What are service oriented architectures? How do they relate to microservices? And how do IDPs help keep them aligned and consistent?

Lauren Craigie
March 8, 2024

Software development is a sophisticated process that comes with complexity built in. Enter DevOps (many years ago, of course) to foster an environment where developers can build complex applications while minimizing backend overhead, ensuring that processes are replicable and software design is standardized. One of the first examples of DevOps in action was the surge in popularity for service-oriented architecture.

Back in 2006, before the word DevOps was coined, companies such as IBM, eBay and even Harley Davidson were sharing the benefits of this architectural style. Since then, it has played a significant role in shaping modern DevOps approaches, and can act as a framework for building independent services in an integrated engineering team.

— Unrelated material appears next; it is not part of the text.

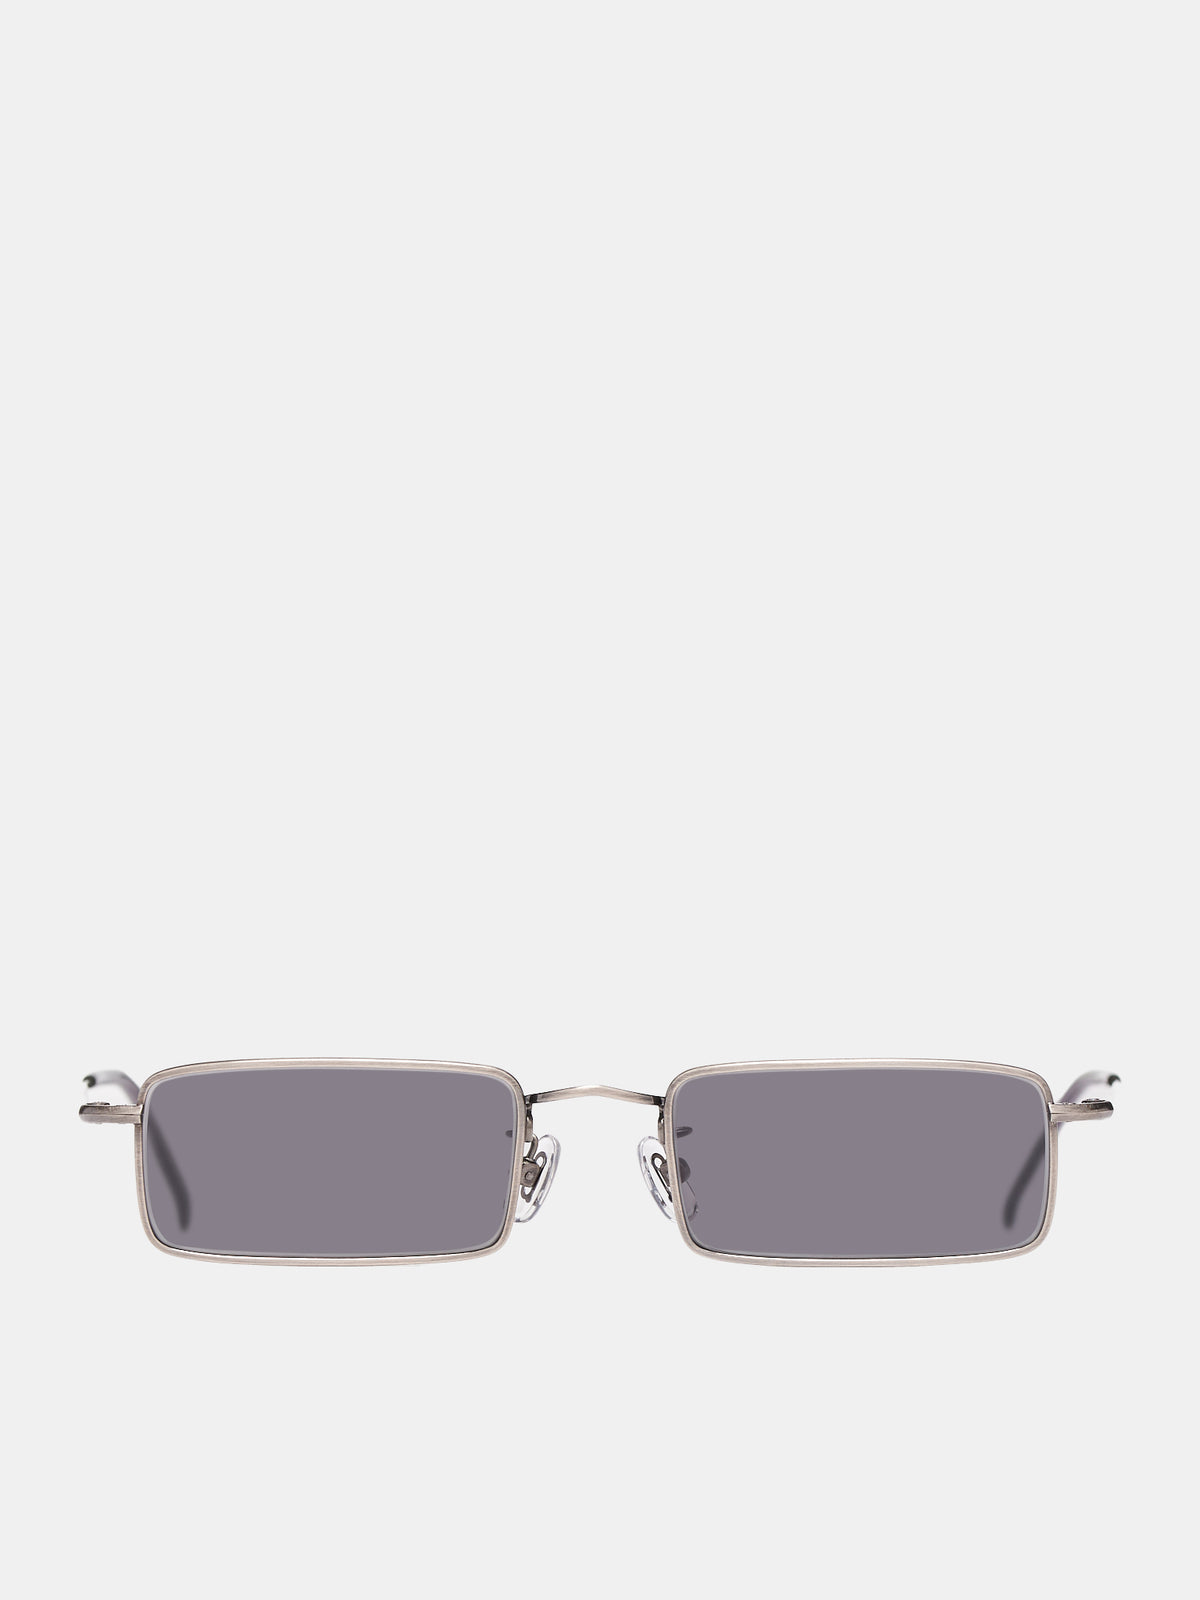 ST Titan Brighton Sunglasses (ST-TITAN-BRIGHTON-AS-FLAT-GRAY)
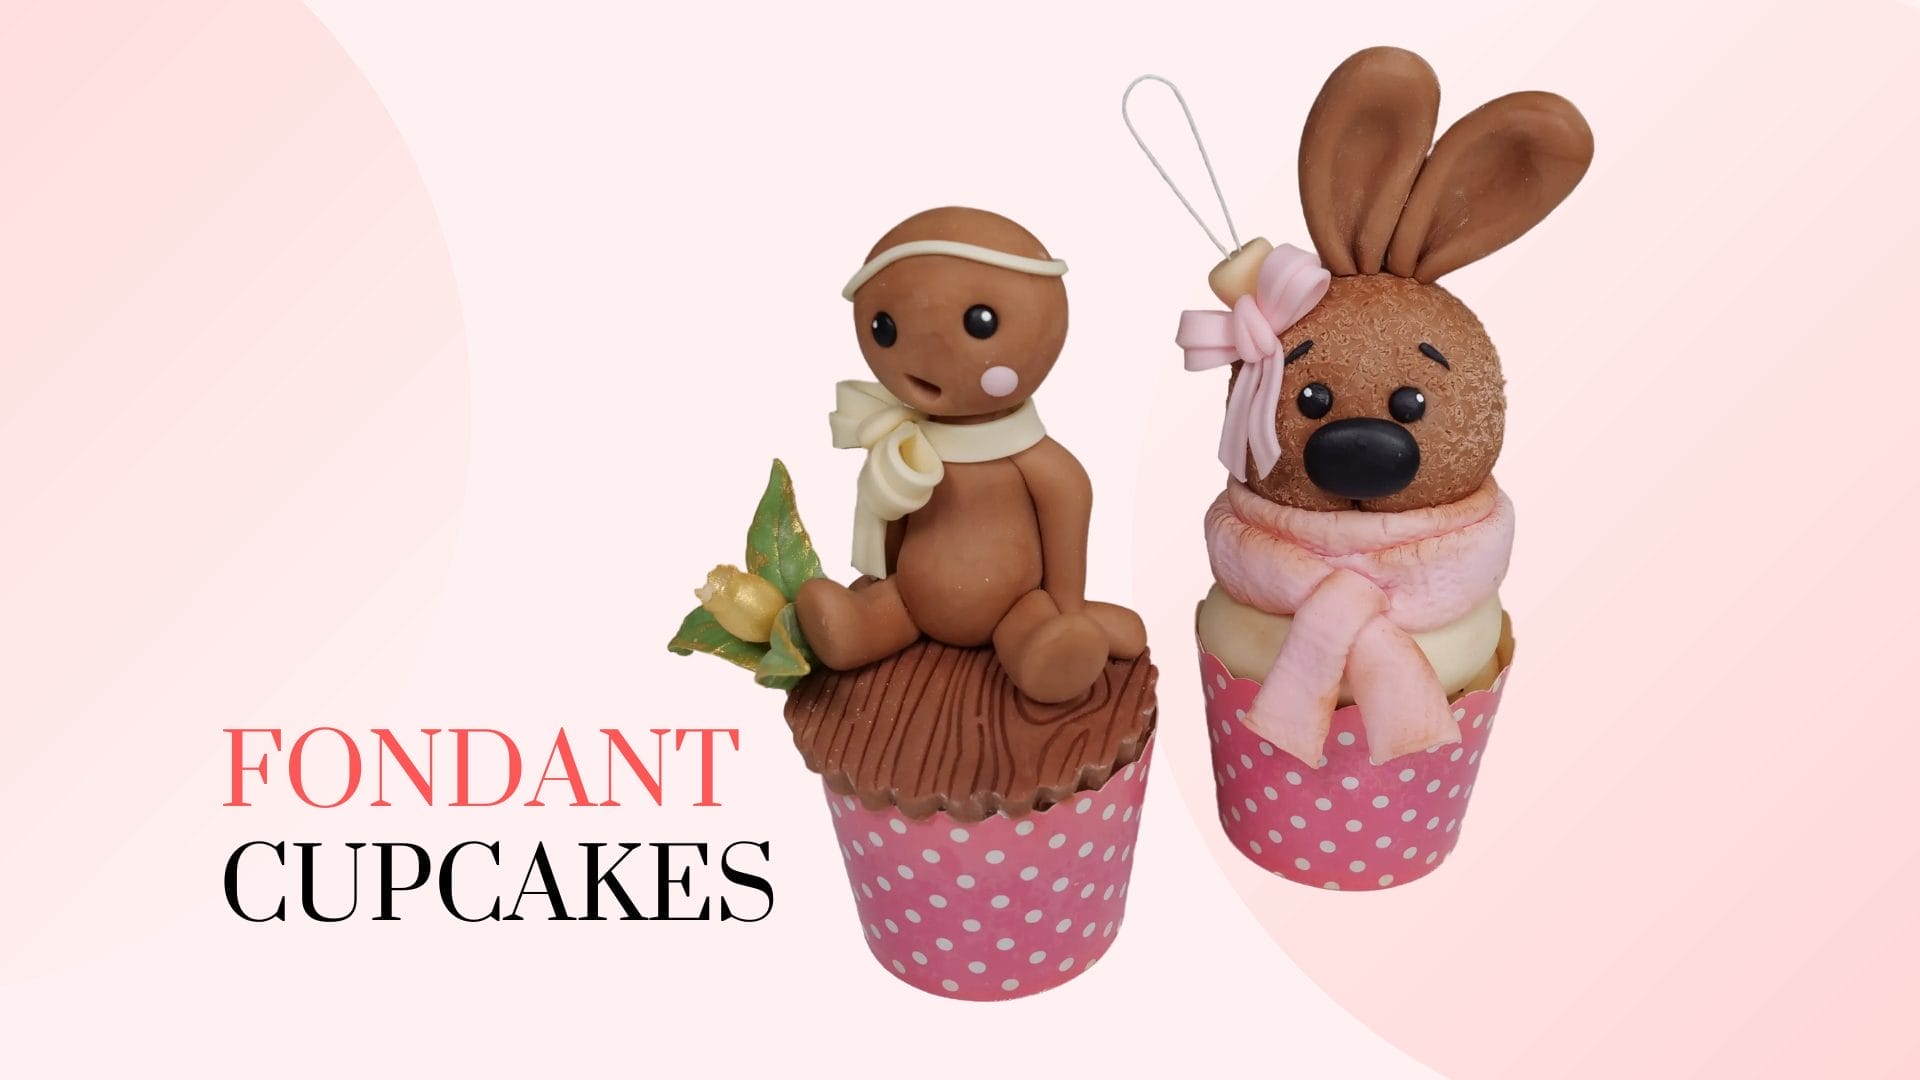 Fondant cupcakes with a teddy bear and bunny.

This blog will lay out what a service oriented architecture is and how it works in practice, as well as defining some key components and the tools and technologies used to make it work in practice. It will also offer comparisons with microservices architectures and monoliths, as well as sharing tips on how to implement this architectural style effectively.

What is service-oriented architecture (SOA)?

Service-oriented architecture (SOA) is an architectural style that manages dependencies between systems using discrete services instead of monolithic design. Gartner defines it as “a design paradigm and discipline that helps IT meet business demands” while Amazon calls it a “method of software development that uses software components called services to create business applications”.

SOA is a software development model built on modular systems that are self-contained and reusable. At its core, SOA gives services in your organization the ability to talk to each other. This messaging should be as simple as possible, it should require minimal development effort, and it should be independent of the technology used to build the service itself.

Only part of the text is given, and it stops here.